Lenovo has regained its status as the world’s largest PC vendor with 23.4 percent of the global market share, as the Chinese company continues to “intelligently transform” its business in personal computers and smart devices.
“It is now Lenovo’s best time,” Lenovo Chairman and CEO Yang Yuanqing said as he announced a $597 million net profit for the full year ending in March, up from a loss of $189 million in the previous year. The profit beat the market estimate of $592.7 million.
At a time of great global change economically, socially and environmentally, we continue to focus on how we intelligently transform ourselves and enable our many customers around the world successfully to do the same.
Chairman and CEO
The fourth quarter saw a year-on-year profit increase of more than threefold, to $118 million.
“Lenovo’s solid financial performance is the result of the persistent execution of our transformation strategy,” Yang said. “At a time of great global change economically, socially and environmentally, we continue to focus on how we intelligently transform ourselves and enable our many customers around the world successfully to do the same.”
Driven by the strong growth in smart PC products and its data center business, Lenovo reported a 13 percent revenue increase from last year to $51.04 billion, of which the PC and smart device (PCSD) revenue was 75 percent.

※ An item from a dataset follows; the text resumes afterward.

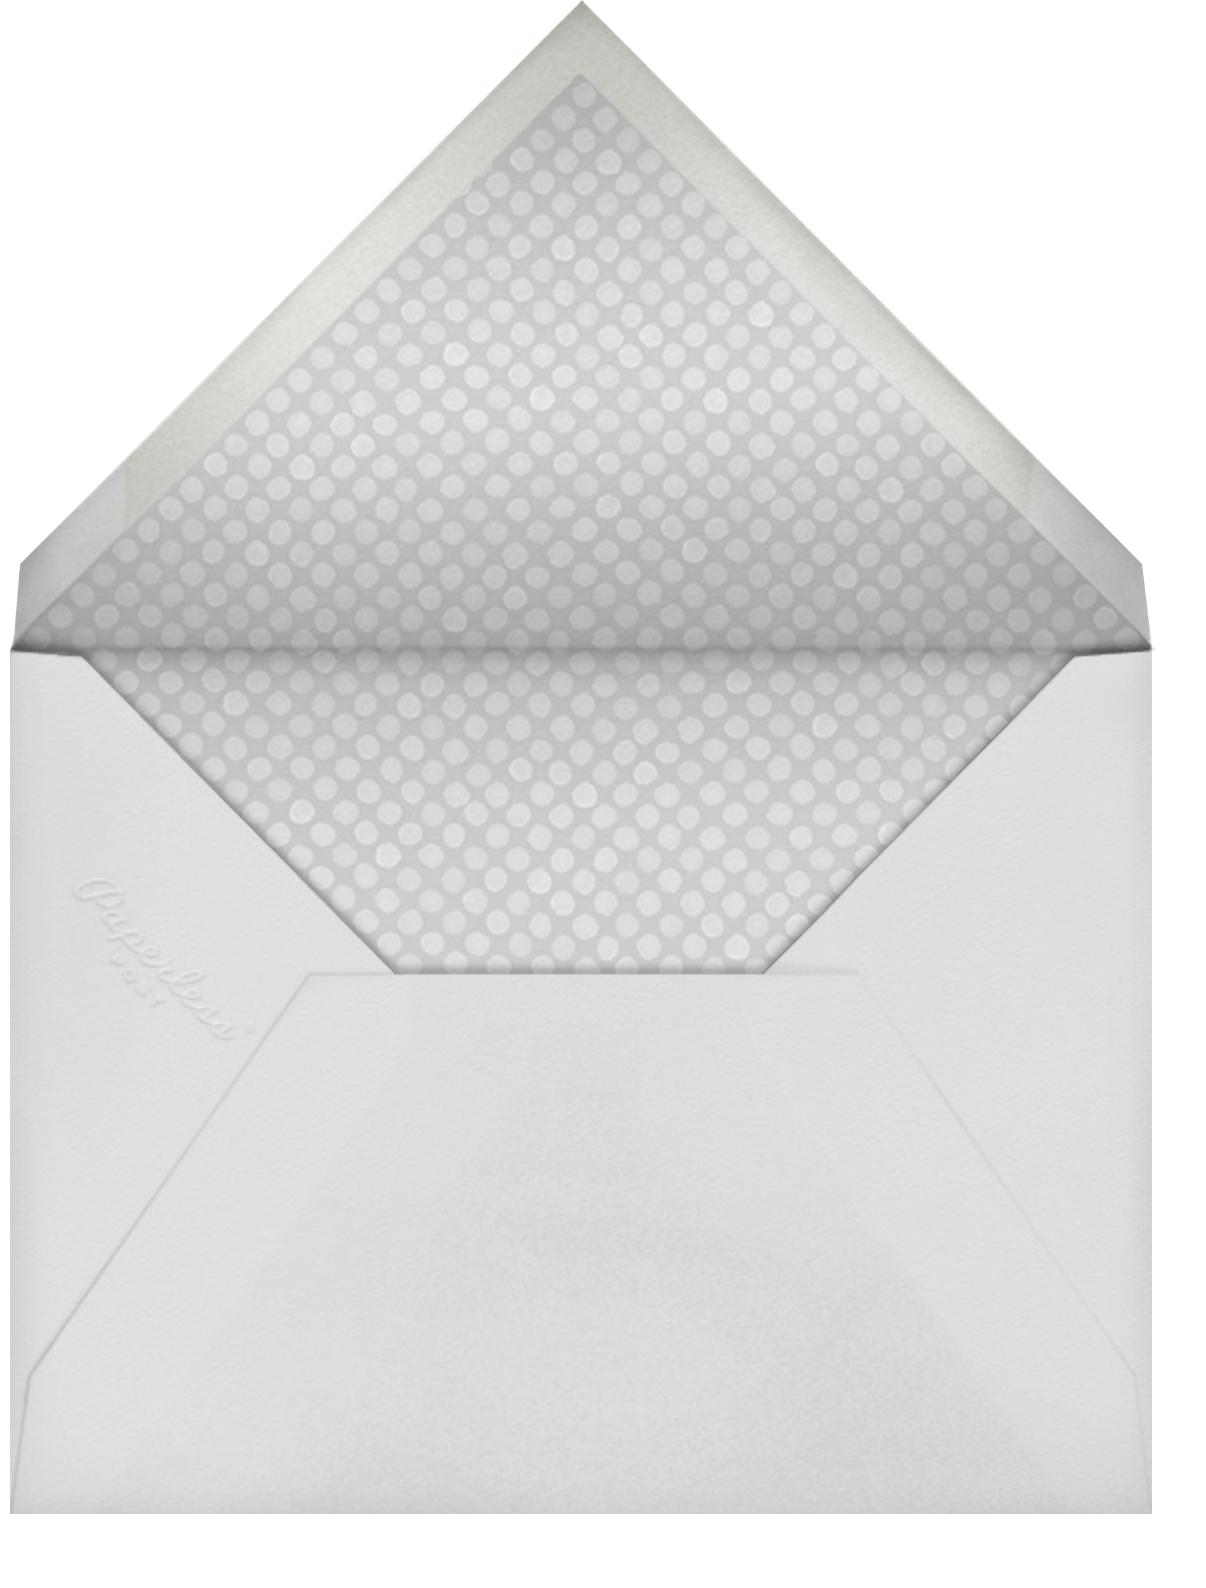 Pumpkin - Tall - Paperless Post - Thanksgiving - envelope back

Lenovo’s Intelligent Devices Group, which includes two business units — PCSD and Mobil Business Group (MBG) — delivered more than double pretax profit growth from the year before to $1.84 billion, reaping the benefit from operational synergies, including the shared use of a common global supply chain and services, Yang said.
Yang said that the growth strategy of PCSD, focusing on commercial, high-growth and premium segments, has paid off by delivering record revenue for the fiscal year.

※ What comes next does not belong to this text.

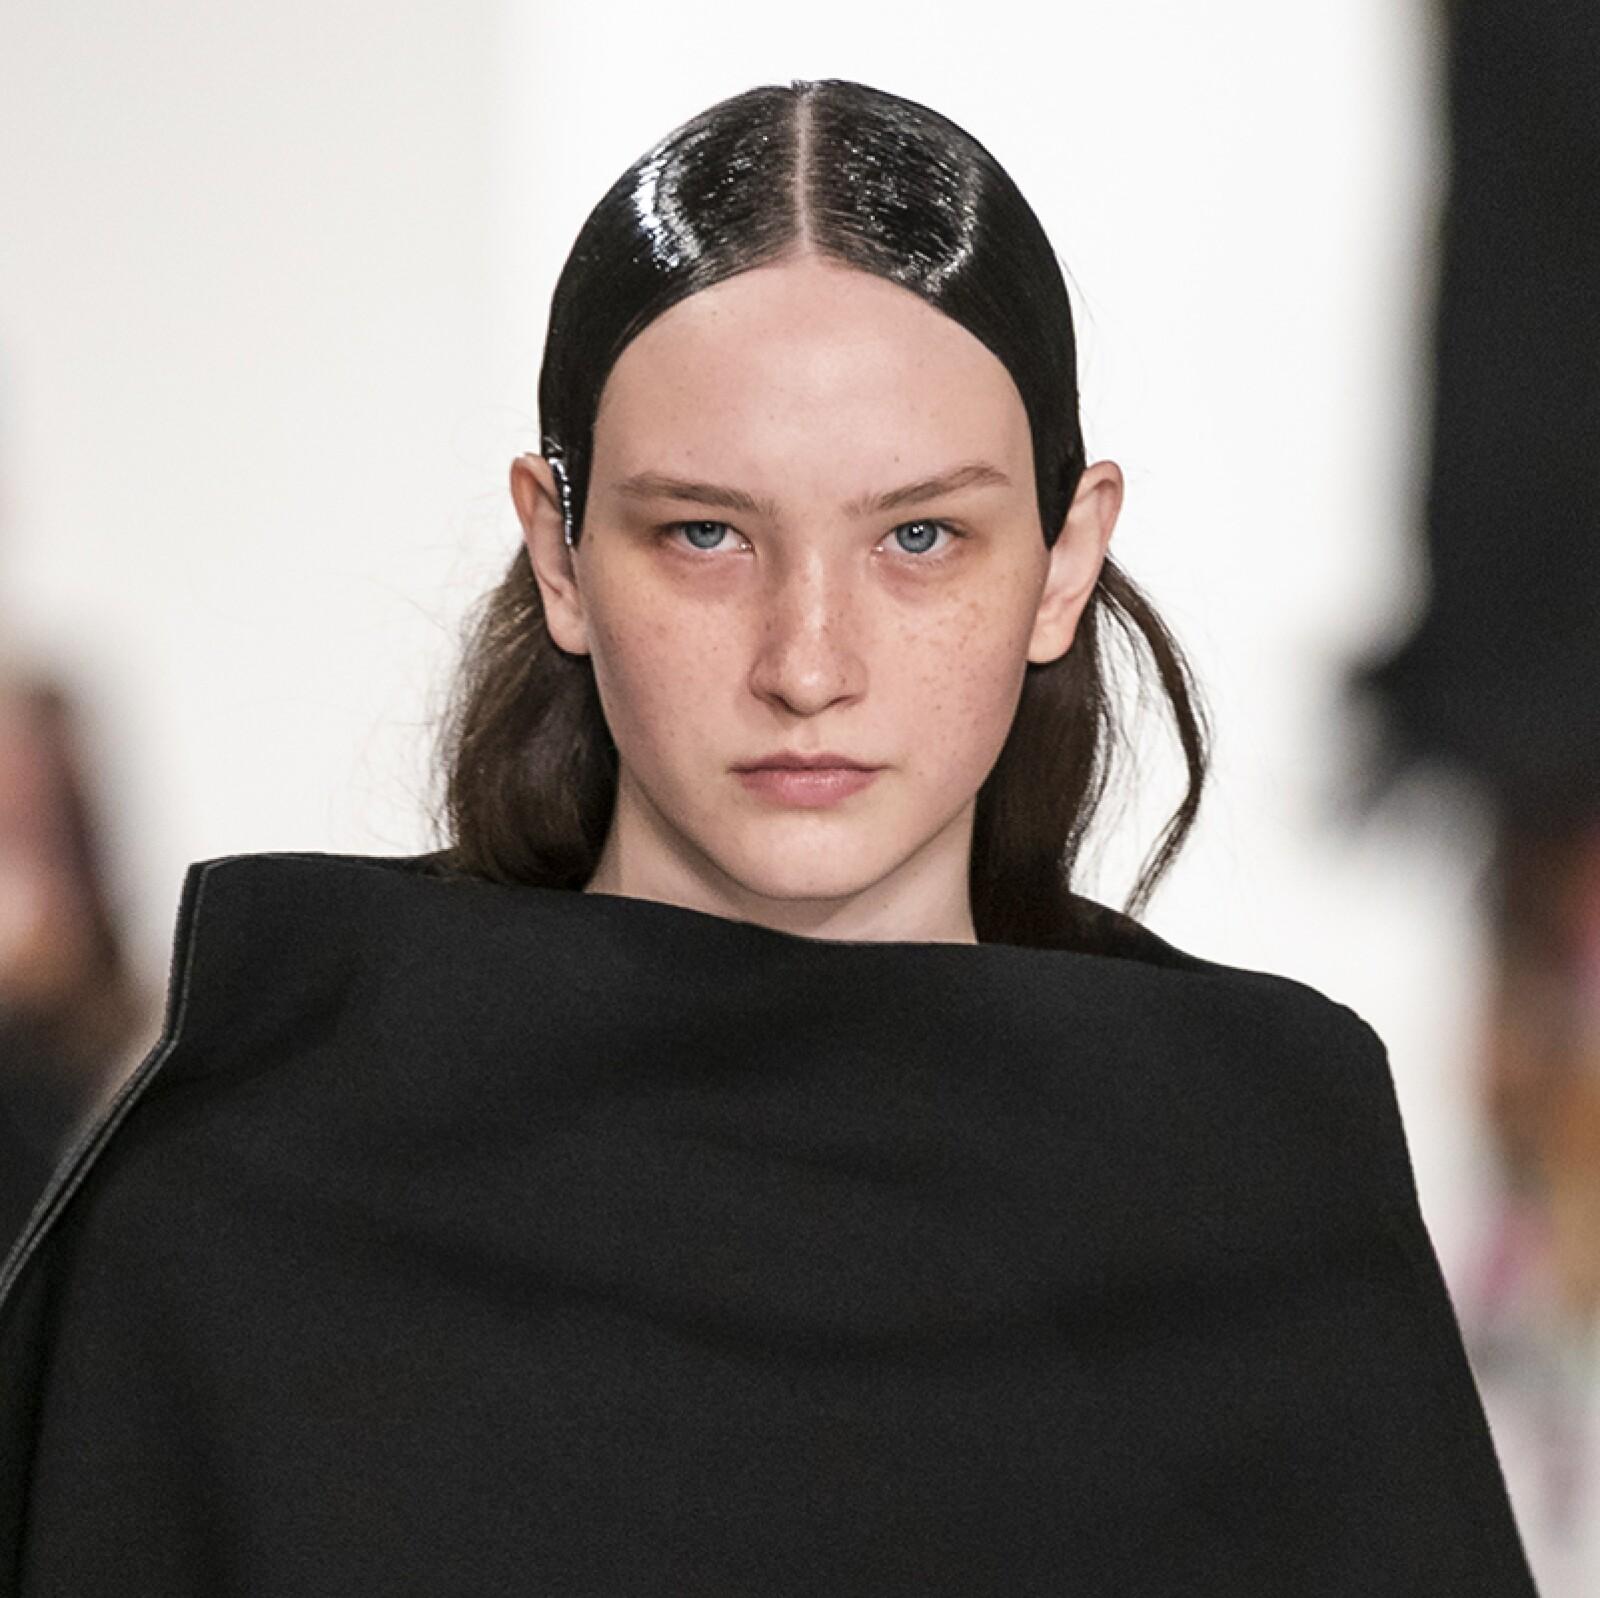 PFW-Paris-Fashion-Week-Runway-Pasarela-Beauty-Look-Belleza-Maison-Margiela

After the group’s acquisition of Motorola Mobility, the MBG business started to make a profit for the first time in the second half of the fiscal year with a set of strategic shifts to reduce expenses, simplify its product portfolio, and focus on core markets in Latin and North America.
In the fourth quarter, MBG reported 15 percent year-on-year growth in revenue, which is contributed by the launch of the seventh-generation Moto G and the strong momentum of the Motorola One franchise.
The Data Center Group (DCG) has recorded the fastest year-on-year growth since the acquisition of IBM’s x86 server business in 2014 with full-year revenue of $6.02 billion. The loss from DCG has narrowed from US$425 million year-on-year to $231 million.
Moving forward, the group is targeting secure revenue growth and profitability in its PCSD business and channels investment to build capabilities in smart devices as the group sees great opportunities through the smart internet of things, smart infrastructure and smart verticals.
Lenovo’s share closed down 2.65 percent at HK$5.88 (75 US cents) on Thursday with a low point of HK$5.66.